Imagine a system that allows states to quantify how many students are accessing early care and education options, how effective those programs are, the qualifications of the teachers, and the zip codes each program serves. What if an elementary school principal knew more about her incoming kindergarten students and could ensure that students received appropriate services upon entry? And state policymakers – what if they had access to evidence showing early learning program efficacy beyond student success on a single third grade reading assessments?

But where to begin, you ask?

Setting realistic expectations is an essential first step, the author explains. A data system will likely begin small and grow over time. Experts explain that with a data system grounded in a clear vision and purpose, stakeholders can work slowly “to build policies and a governing structure to accommodate goals and promote ethical and effective use of the data and research as it grows.”

States that have engaged in the work of building data systems have generally followed a standard progression that includes:

  1. Stakeholder engagement. Like any successful broad-scale policy change, stakeholder buy-in is essential. Stakeholders should represent a wide range of possible end users of the final system and those who are likely to have very different ideas about how data should ultimately be used. The author stresses the need to avoid overselling what is possible to stakeholders by ensuring that the intention of the project is well communicated.

  2. Develop interagency agreements to oversee data system. Data privacy and public access to data are each important and should be supported through interagency agreements.

  3. Assess the data landscape. Conduct gap analyses and then prioritize where to focus time and resources.

  4. Build linkages among systems. This requires the technological expertise to actually build the systems that link existing data systems to close identified gaps.

Many states have had success building out quality data systems. Illinois, for example, launched its Illinois Early Childhood Asset Map (IECAM) in 2007 in order to link from Head Start, the private sector and general demographic information. Notably, the project is led by a university, rather than a state agency, an advisory council representing a diverse group of stakeholders guided decisions throughout the development stage and there is now a formalized advisory committee, and the capacity of the IECAM continues to expand beyond its initial purpose. Similarly, North Carolina has an Early Childhood Integrated Data System (NCIDS) that links nine programs and data sources including NC Pre-K, Food and Nutrition Services, and Child Protective Services. Since 2013, they have worked to incorporate Head Start data into their systems. Since early in the process, the state’s efforts have focused heavily on relationship building with each of its 56 Head Start grantees and with a vendor that services the majority of those providers. The NCIDS was able to leverage resources by using the same software as used by other programs in the state.

Yet although states are making great strides, they still have a long way to go before they have access to a complete, comprehensive data portal. Recent analyses indicate that at least 32 states link their K–12 data to some of their early childhood data yet only nine states linked Head Start data to K–12 data, and 12 states linked subsidized child care data to other EC data. Further the last survey conducted by the Early Childhood Data Collaborative in 2013 showed that PA was the only state that could link its state pre-k and child care data to produce a distinct head count. (This wasn’t much different from a report New America released in 2010.)

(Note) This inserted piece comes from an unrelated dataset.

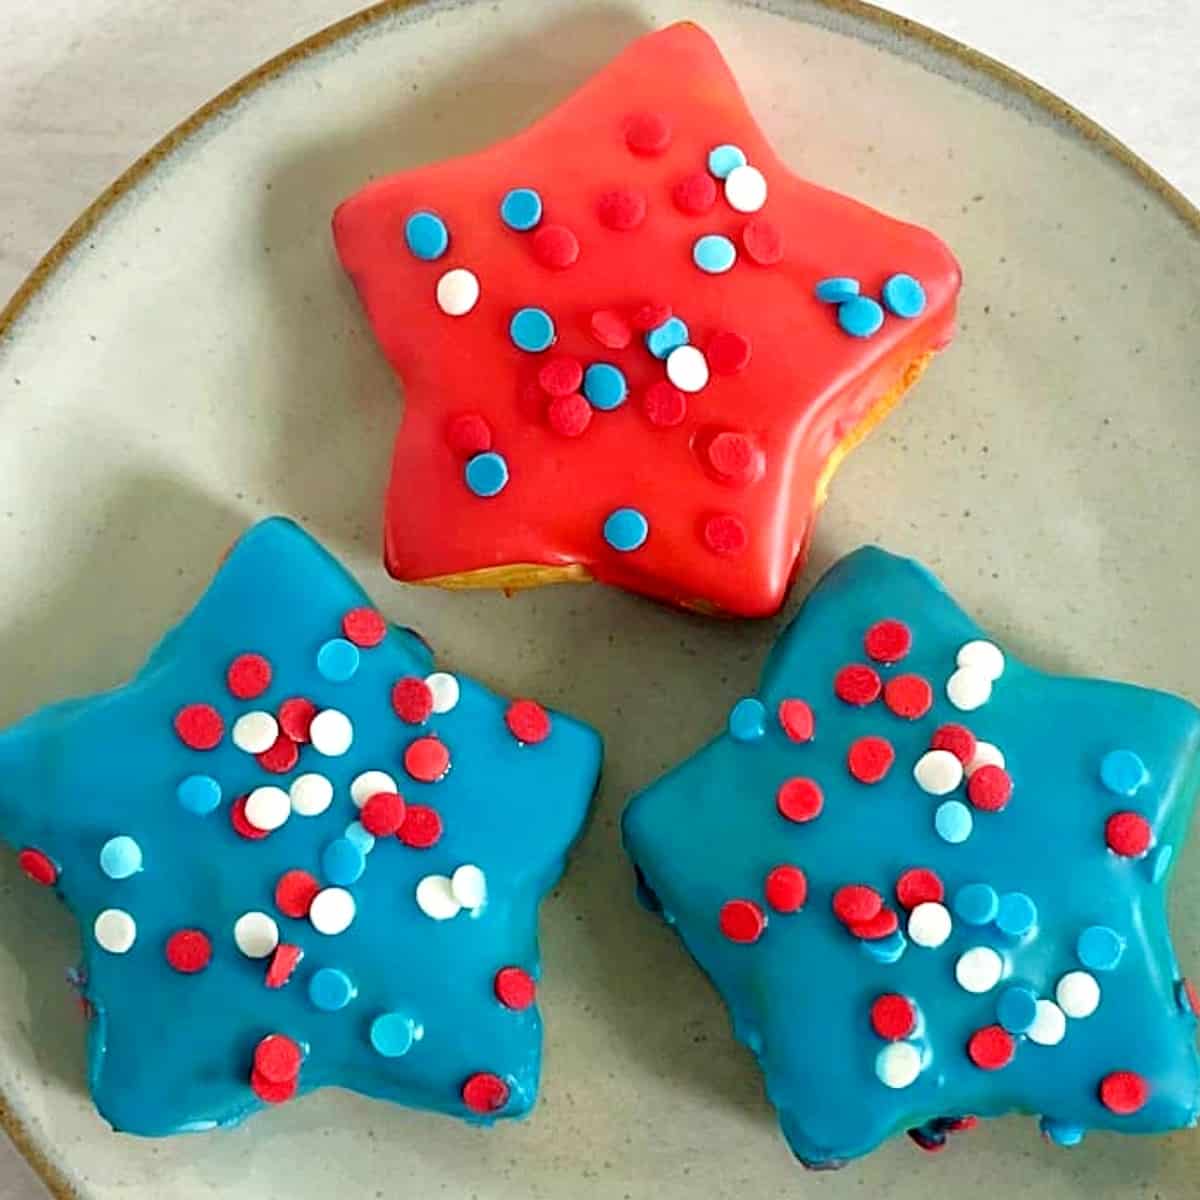 red, white, and blue star donuts on a plate.

There is no doubt that building out a comprehensive state early childhood data system is not easy and the author of the report is upfront about that. However, his arguments for doing so are persuasive and cannot be ignored. The report includes valuable examples of how states can unify their data systems including state examples and some questions to get you started. The author also shares a number of resources that can help state leaders throughout the planning and implementation process.